Не дойдя двух шагов до угла, за которым ему полагалось бы скрыться, Сэм вдруг обернулся и, глядя на добрый фут мимо Дина, спросил:
— Ты ведь не собираешься кинуть меня и смыться прямо сейчас? Это было бы настоящее свинство.
— Но это было бы разумное свинство, — честно возразил Дин. — Сам посуди — что тебе там делать? Скучать в Импале два или три часа, пока я углы обшариваю? А вдруг за это время подкрадётся какая-нибудь шустрая тварь и башку тебе откусит?

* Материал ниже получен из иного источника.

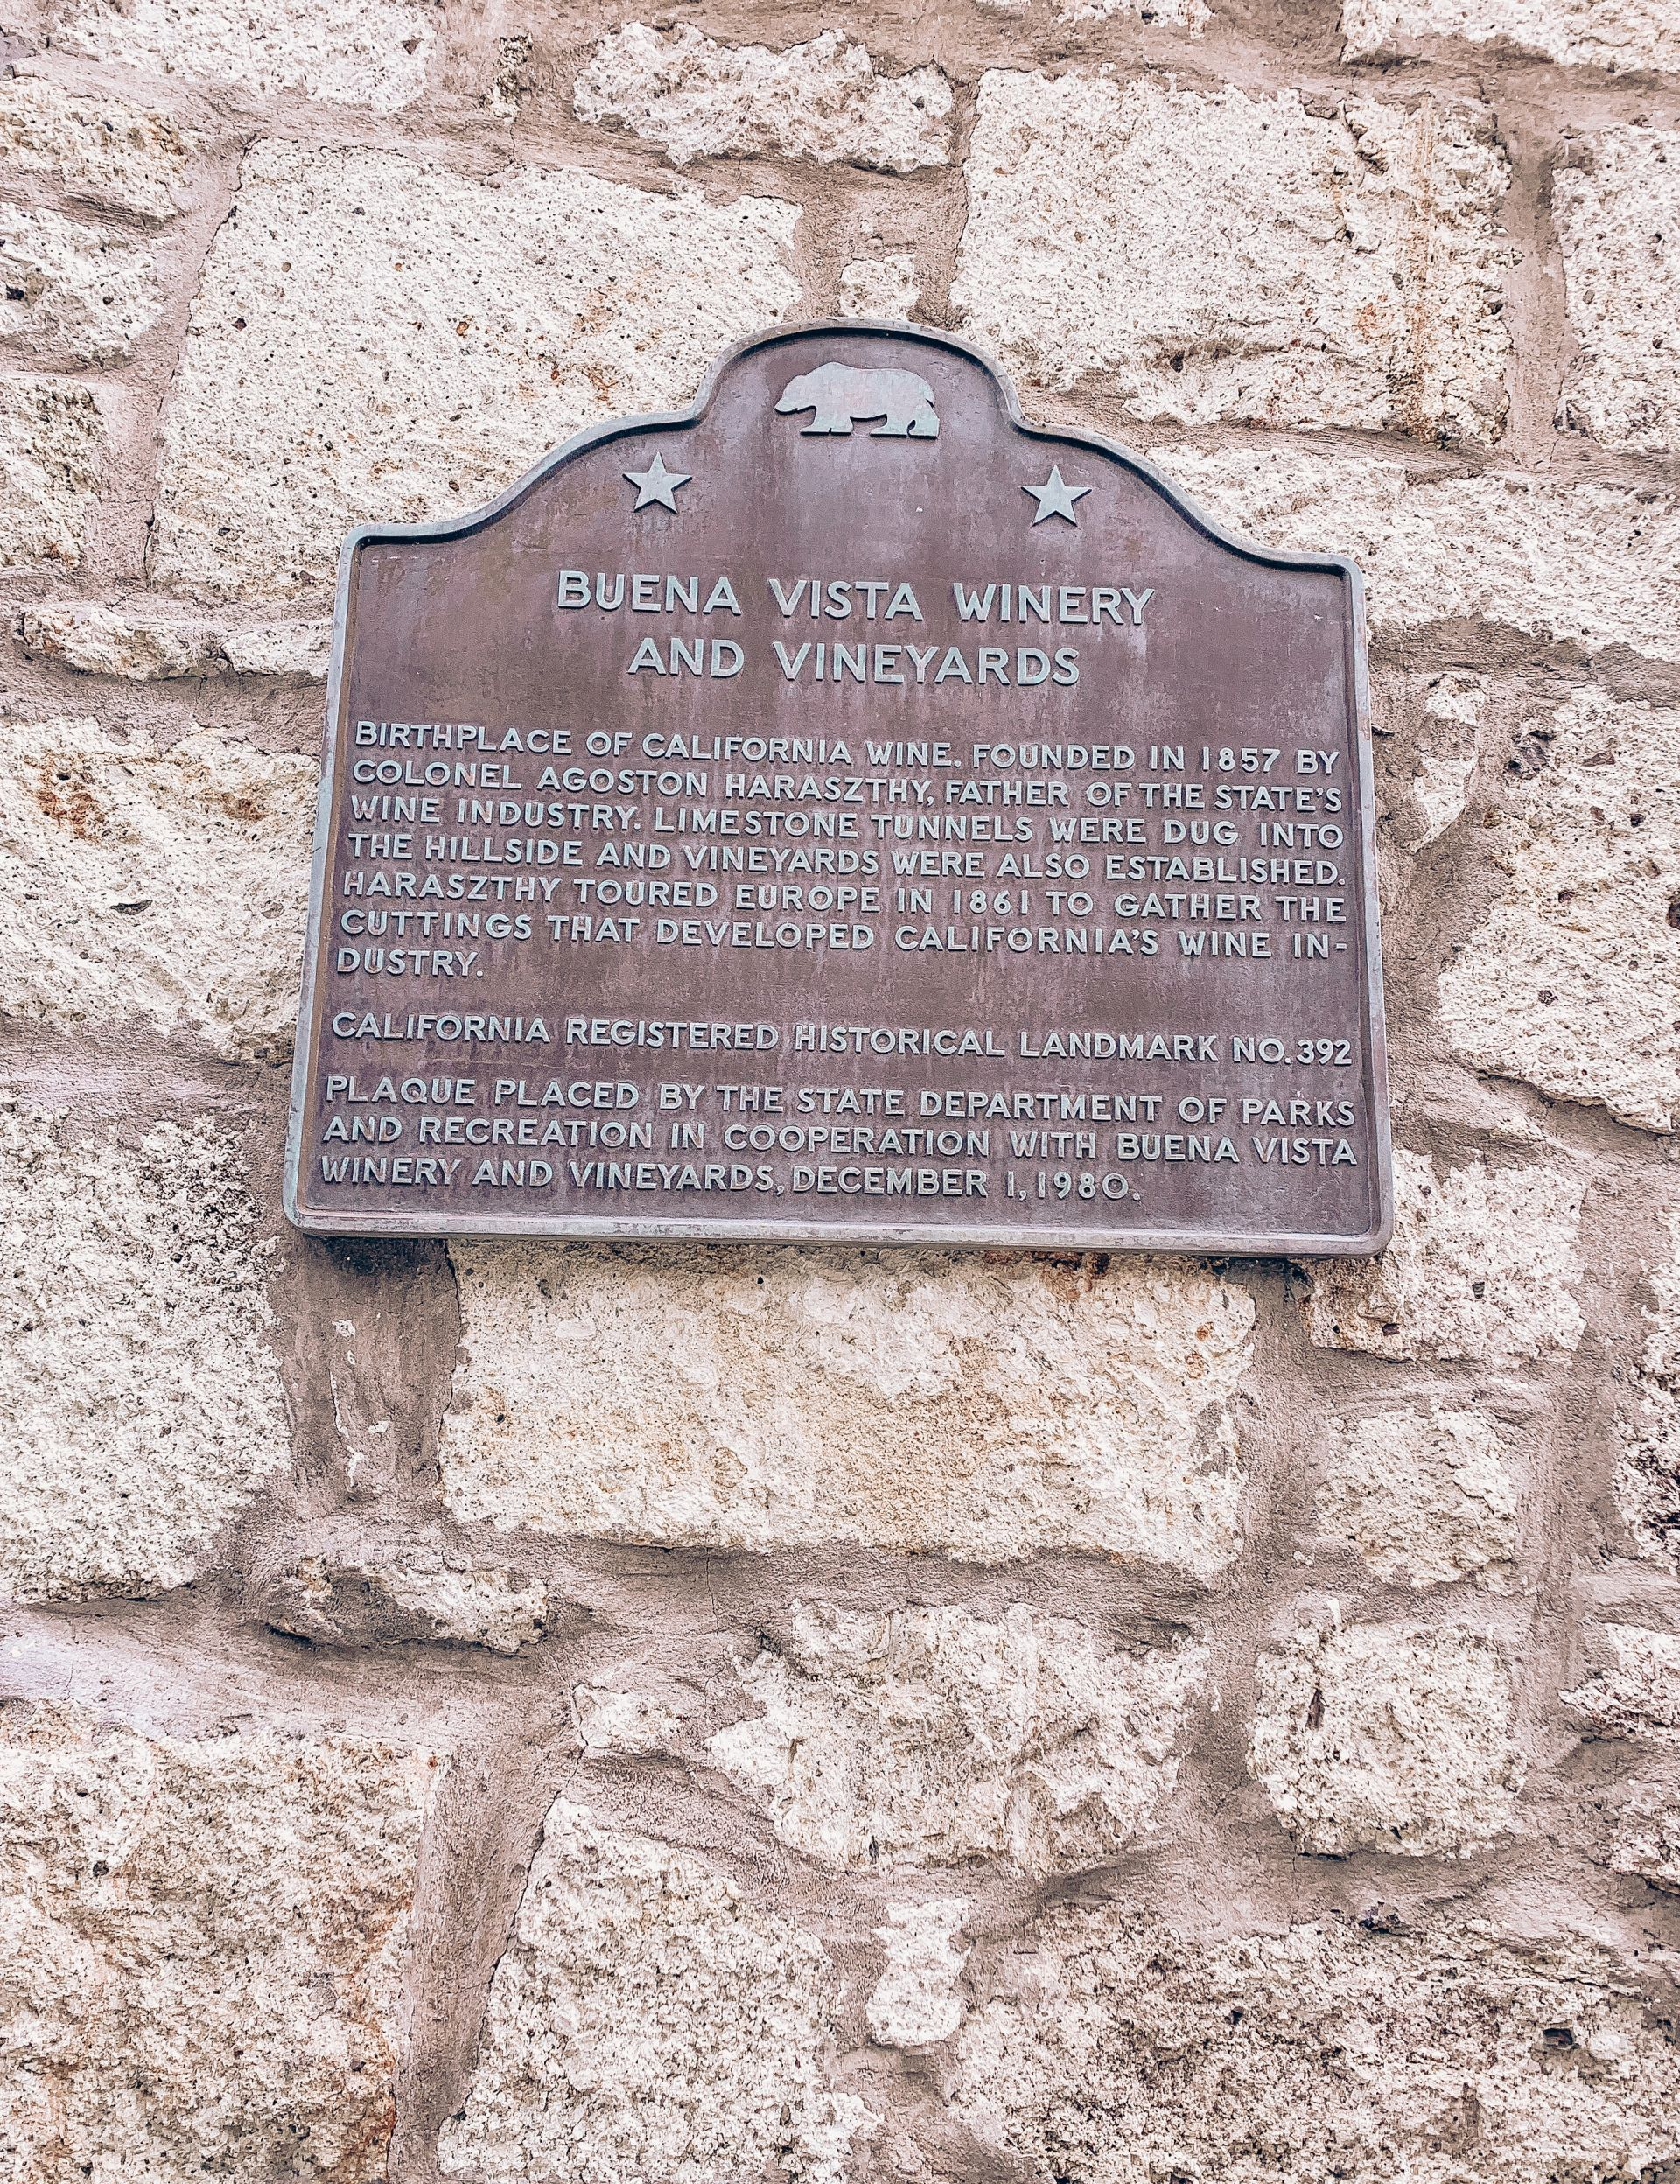 Buena Vista Winery and Vineyards
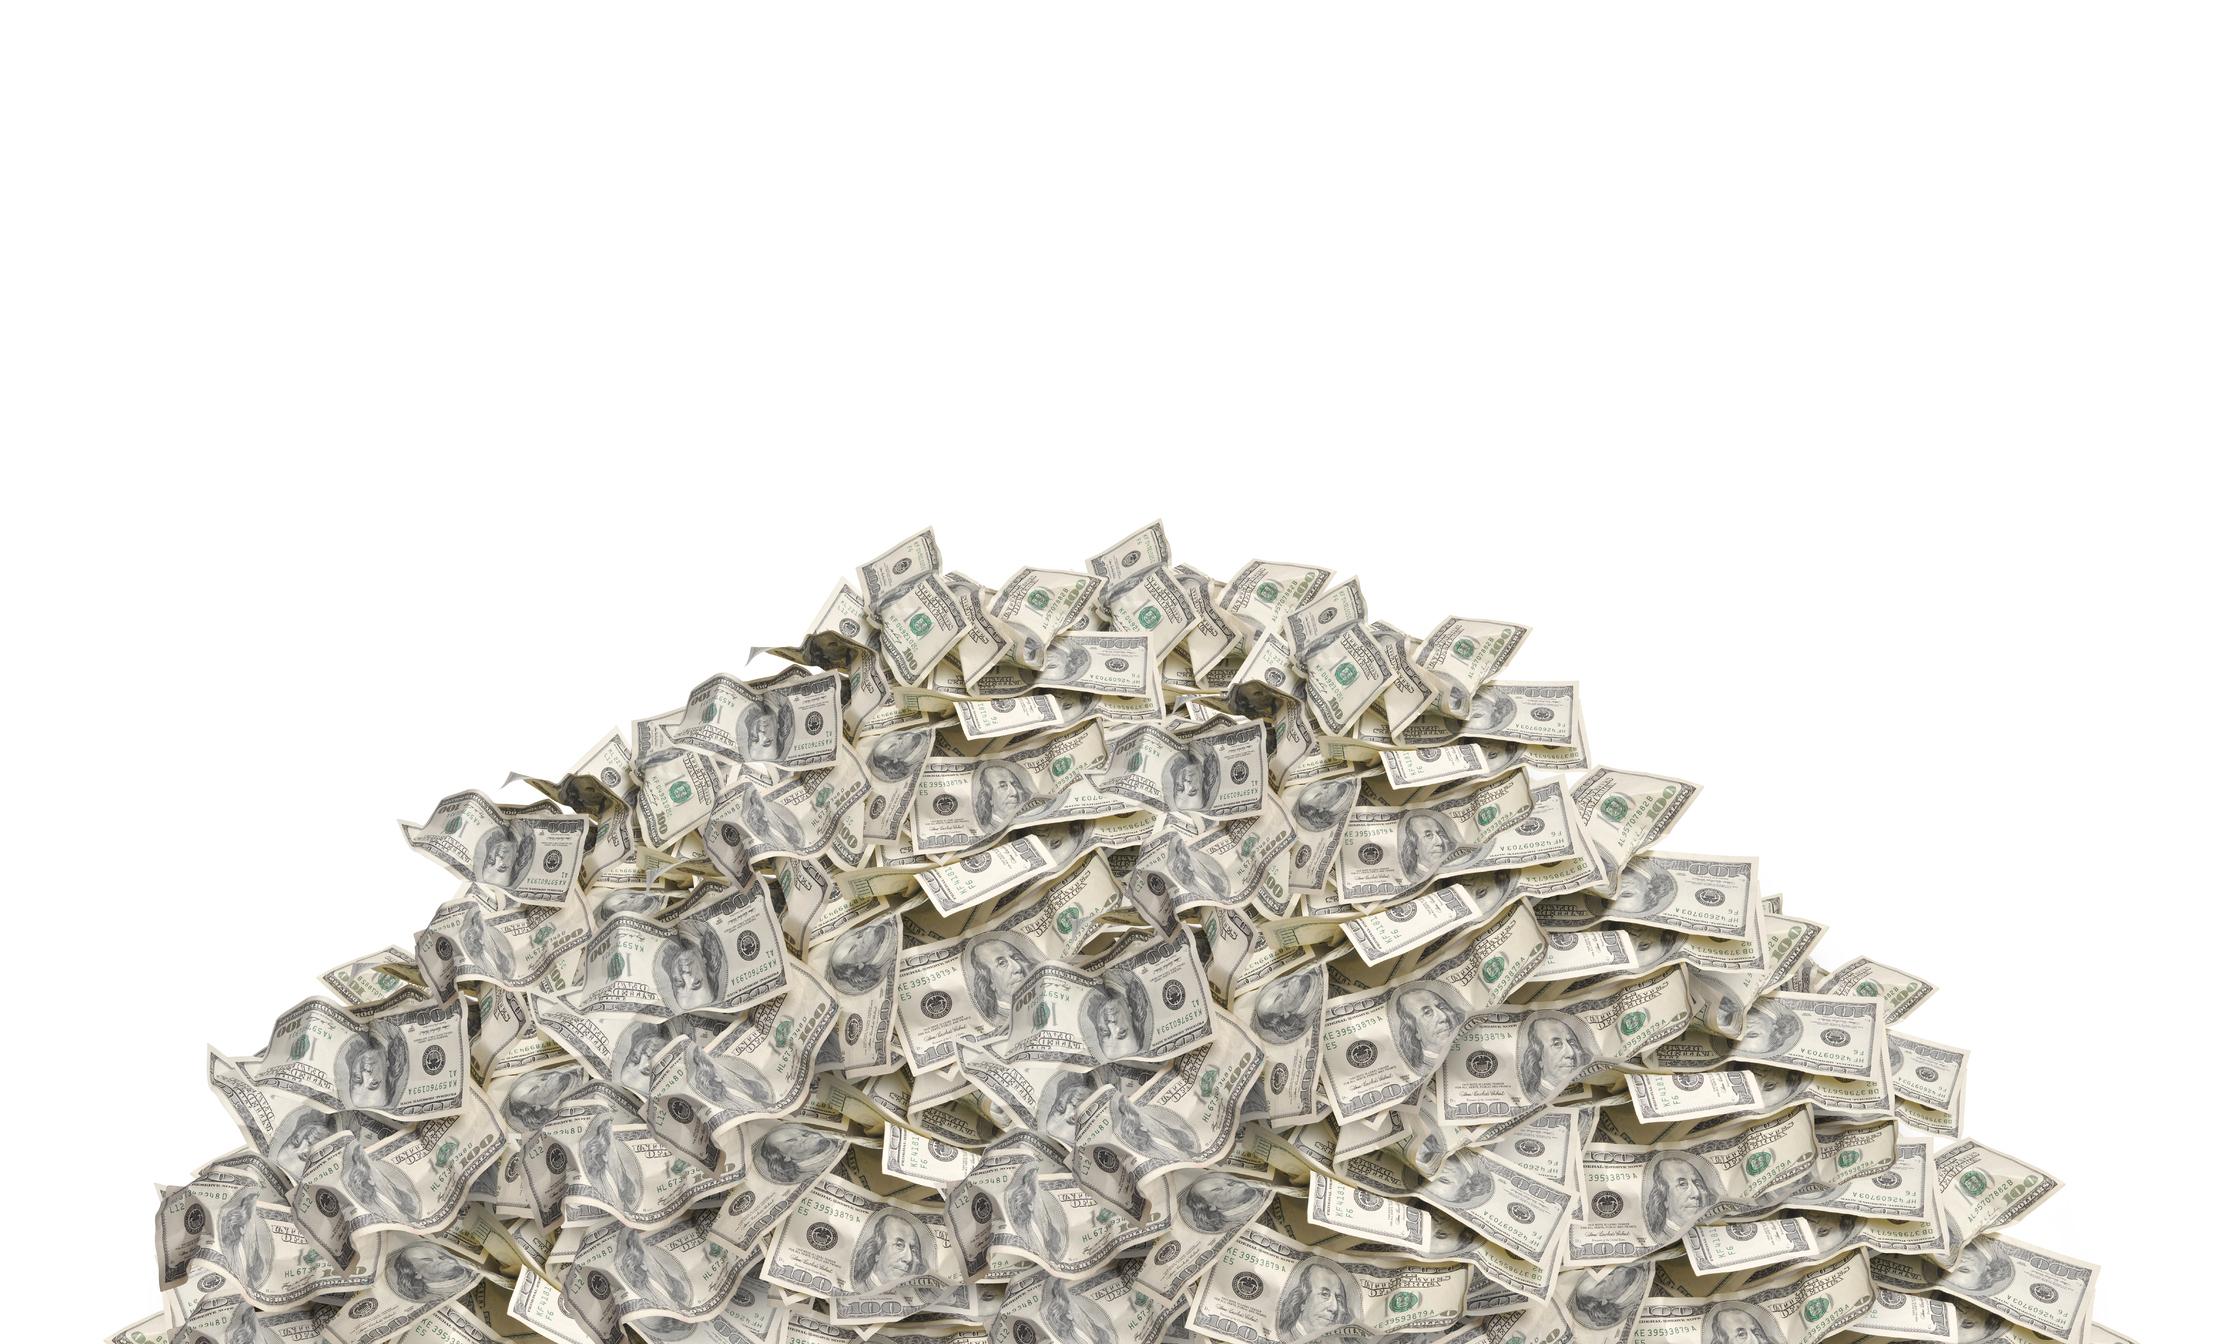 A pile of dollar bills

— Там, куда ты собираешься, шустрых тварей гораздо больше. И больше возможностей для откусывания твоей дурной башки.
— Ну и чем ты мне поможешь в таком случае?
Сэм дрогнул. Дин понял, что ударил по больному, но отступать было некуда. Его сумка была наполовину забита оружием, и он основательно пополнил запасы перевязочных материалов, серебряных пуль и защитных амулетов от самой экзотической нечисти. Считать, что проникновение в убежище Пижонистого Мудака пройдёт как увеселительная прогулка и хотя бы в этот раз обойдётся без мордобоя, было наивно. Хорошо, если убежище вообще ещё существует. Вдруг после смерти хозяина там включилась какая-нибудь программа самоуничтожения?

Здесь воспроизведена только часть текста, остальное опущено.